═══ Data extract
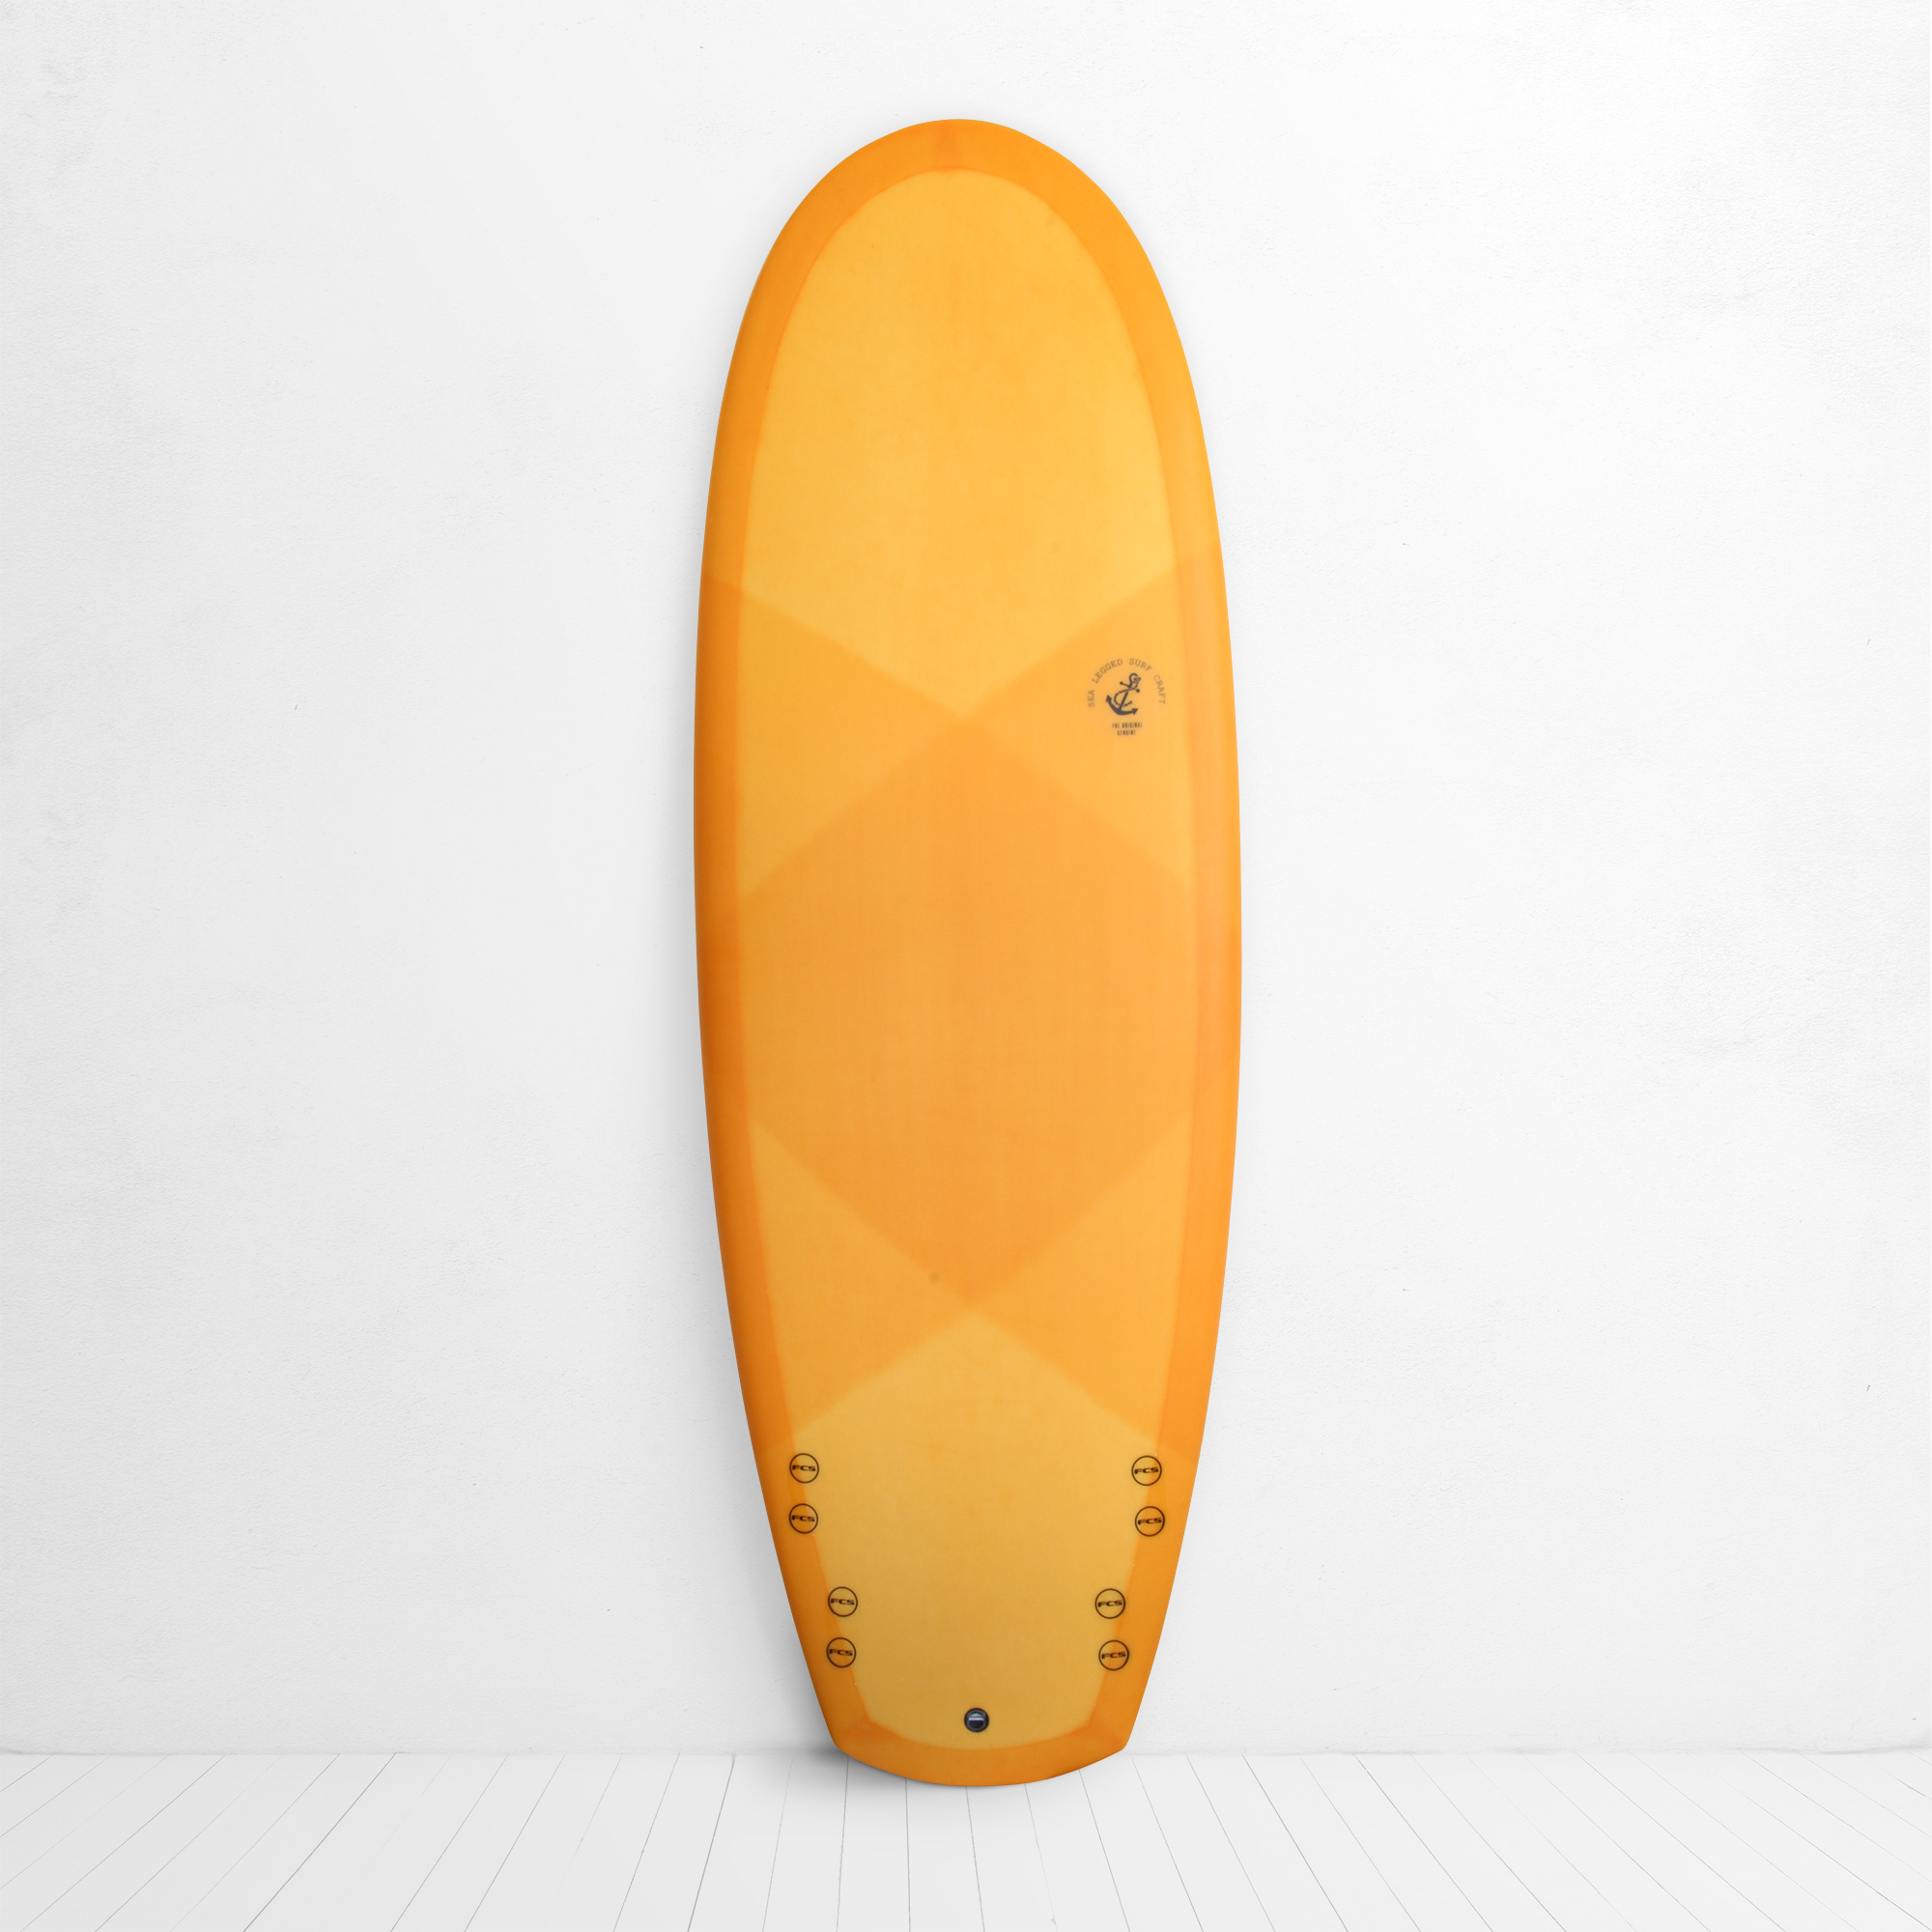 Boards-Orange-Top.jpg
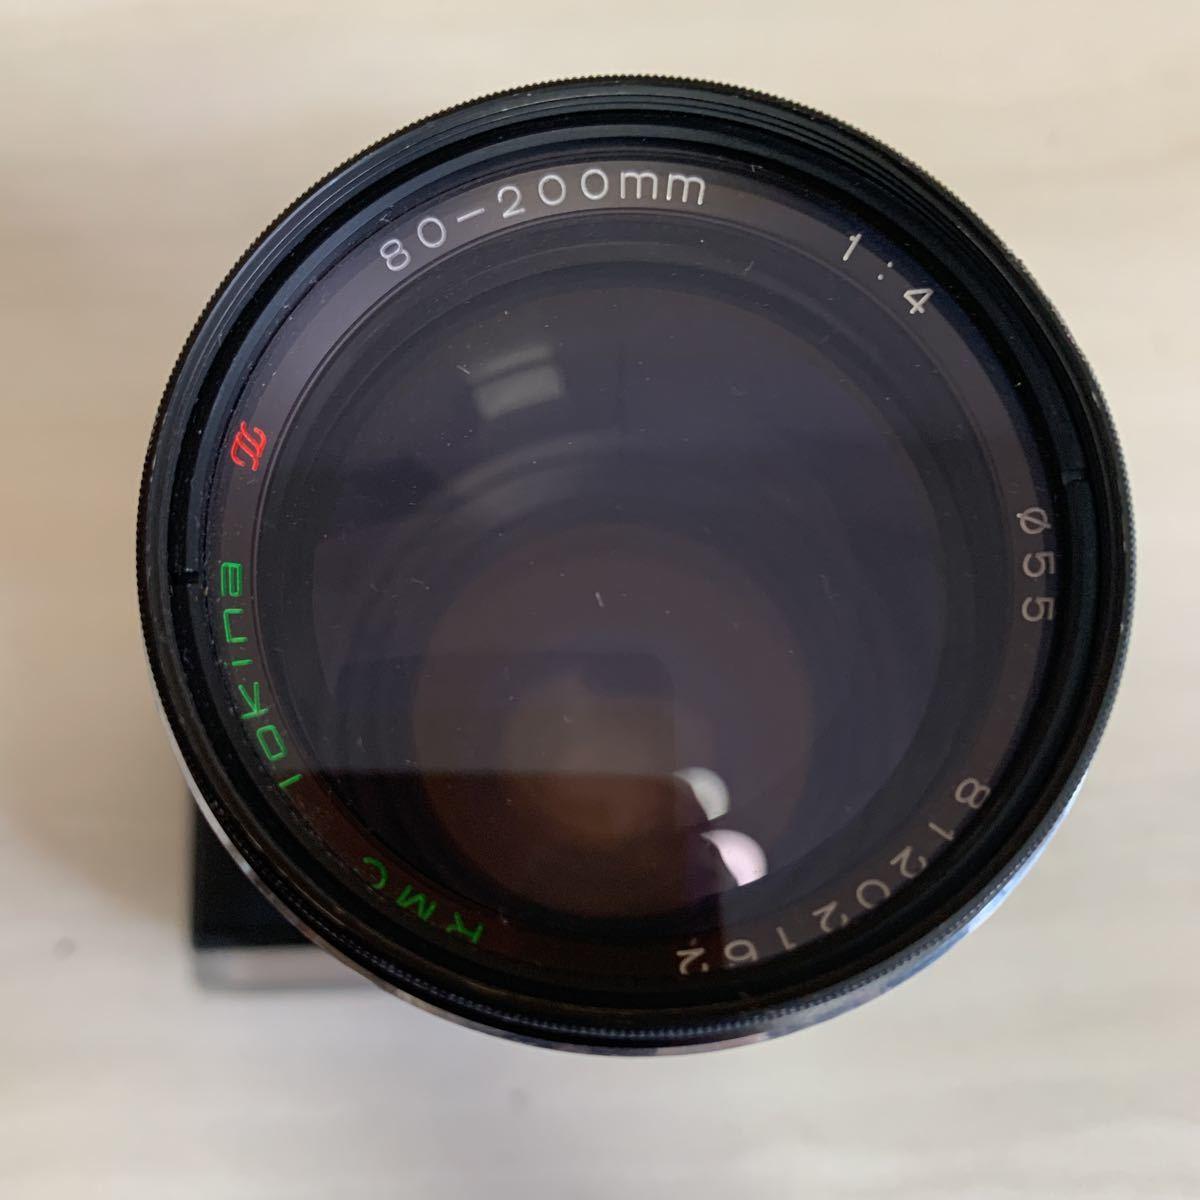 PENTAX ME F ペンタックス 一眼レフカメラ フィルムカメラ 未確認 2025_画像6
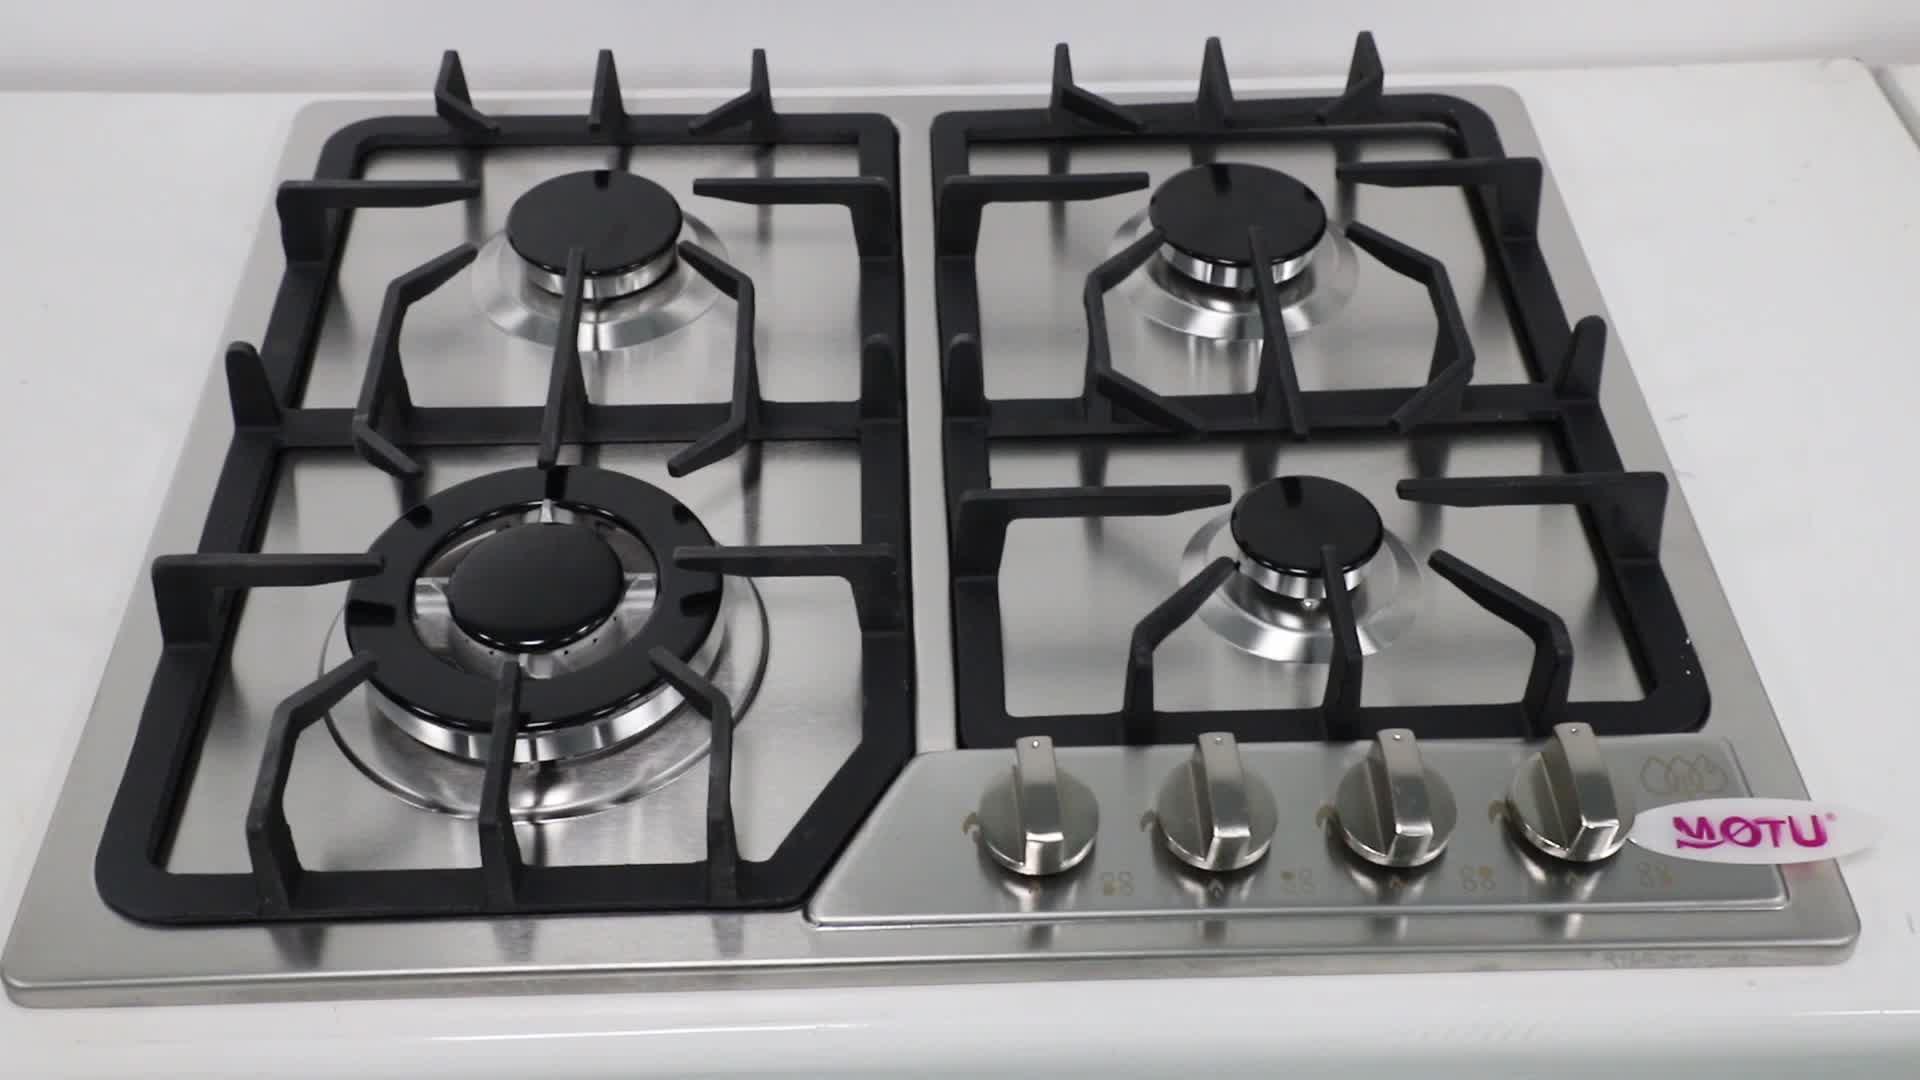 Familie gebruikt bulit gaskookplaten 4 5 branders tafel top gasfornuis
══════
Would you please give the material above again, unchanged but without pictures?

**Task output:**
 Boards-Orange-Top.jpg
 PENTAX ME F ペンタックス 一眼レフカメラ フィルムカメラ 未確認 2025_画像6
 Familie gebruikt bulit gaskookplaten 4 5 branders tafel top gasfornuis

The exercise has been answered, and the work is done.